Otro capítulo merece la política de atracción de residentes fiscales y reales. Uruguay ya ha demostrado que puede captar talento, empresarios e inversores internacionales gracias a su calidad institucional y seguridad jurídica. En un mundo donde el trabajo remoto y la movilidad del capital son cada vez mayores, esa estrategia debería profundizarse como parte de un modelo de desarrollo más amplio.
Naturalmente, avanzar hacia una economía más competitiva también exige revisar los costos estructurales que enfrenta el sector privado. Una presión del gasto público cercana al 30% del producto representa una carga considerable para empresas que ya operan con costos elevados respecto a sus competidores regionales. Sin un sector privado dinámico resulta difícil imaginar un crecimiento robusto.
Otra rémora pasa por discusiones político-ideológicas coyunturales que distraen la atención en un país que necesita concentrarse en desafíos mucho más trascendentes. La agenda de reformas económicas, la mejora de la competitividad y la construcción de nuevos sectores productivos requieren continuidad y acuerdos amplios.

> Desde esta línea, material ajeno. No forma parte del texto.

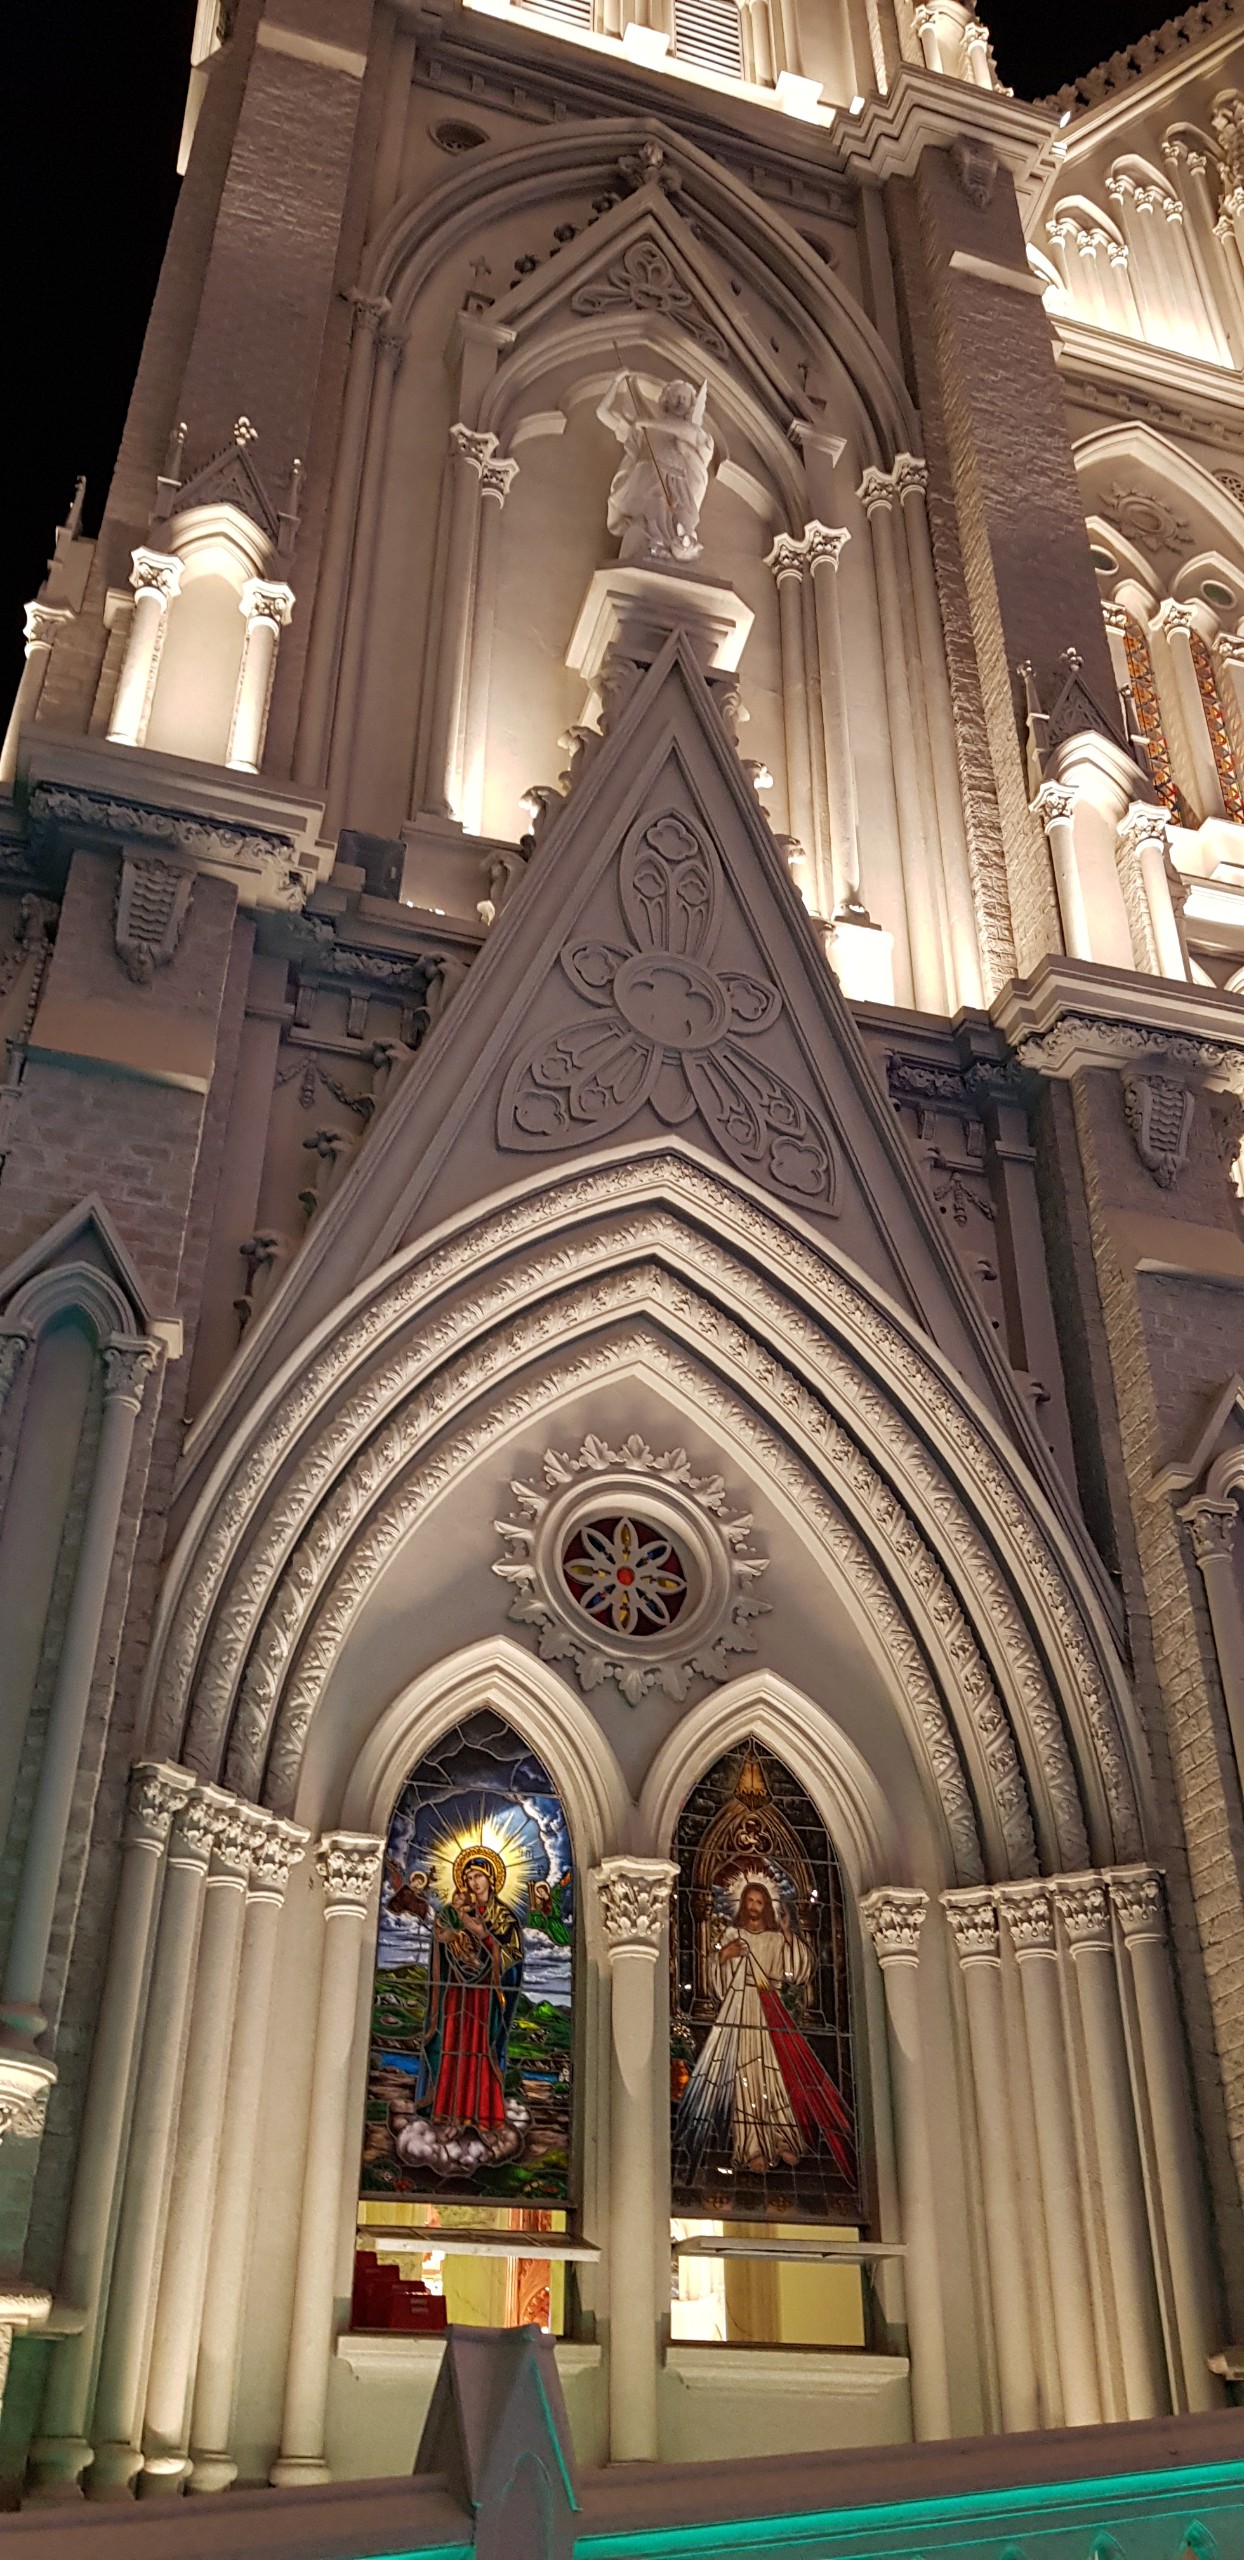 Nhà thờ kiến trúc Gothic tráng lệ ở Bà Rịa - Vũng Tàu mùa Giáng Sinh - 7
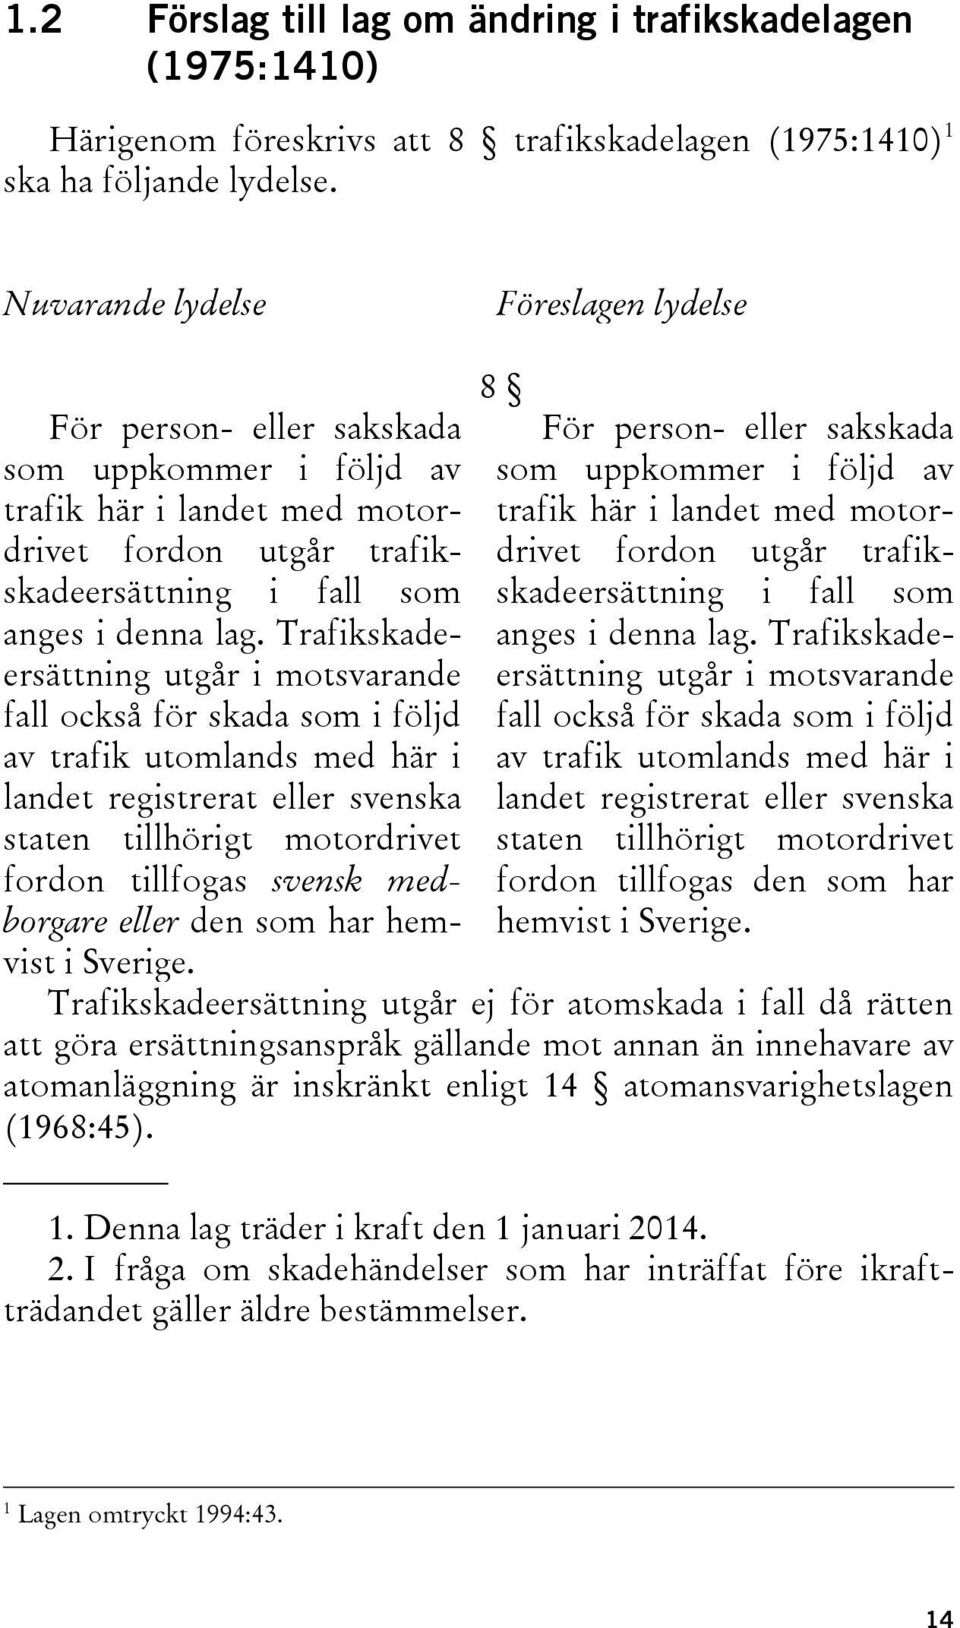 Trafikskadeersättning utgår i motsvarande fall också för skada som i följd av trafik utomlands med här i landet registrerat eller svenska staten tillhörigt motordrivet fordon tillfogas svensk

En materia macroeconómica, incluso la política antiinflacionaria merece una consideración distinta a la que ha tenido hasta el presente. Si bien alcanzar y mantener niveles muy bajos de inflación constituye un objetivo deseable, ello conlleva elevados costos fiscales y un consecuente impacto negativo sobre la actividad económica, si se tiene en cuenta que se hace sobre todo a costa de un tipo de cambio planchado, y no a partir de una convergencia más gradual, con cierta estabilidad, pero sacrificando en los hechos crecimiento e inversión.
Es impensable, por muchas razones, que en Uruguay se “importe” el modelo paraguayo, ni mucho menos, pero sí es pertinente evaluar por dónde pasan los factores que le han dado la dinámica de crecimiento a que hacíamos referencia, con una lección de base insoslayable: los países que crecen son aquellos que encuentran una propuesta clara para el mundo. Paraguay la encontró en la competitividad productiva. Y Uruguay debería encontrar la suya combinando institucionalidad, innovación, tecnología, energía limpia y calidad de vida, con una visión de largo plazo que resulte en un verdadero proyecto nacional de crecimiento.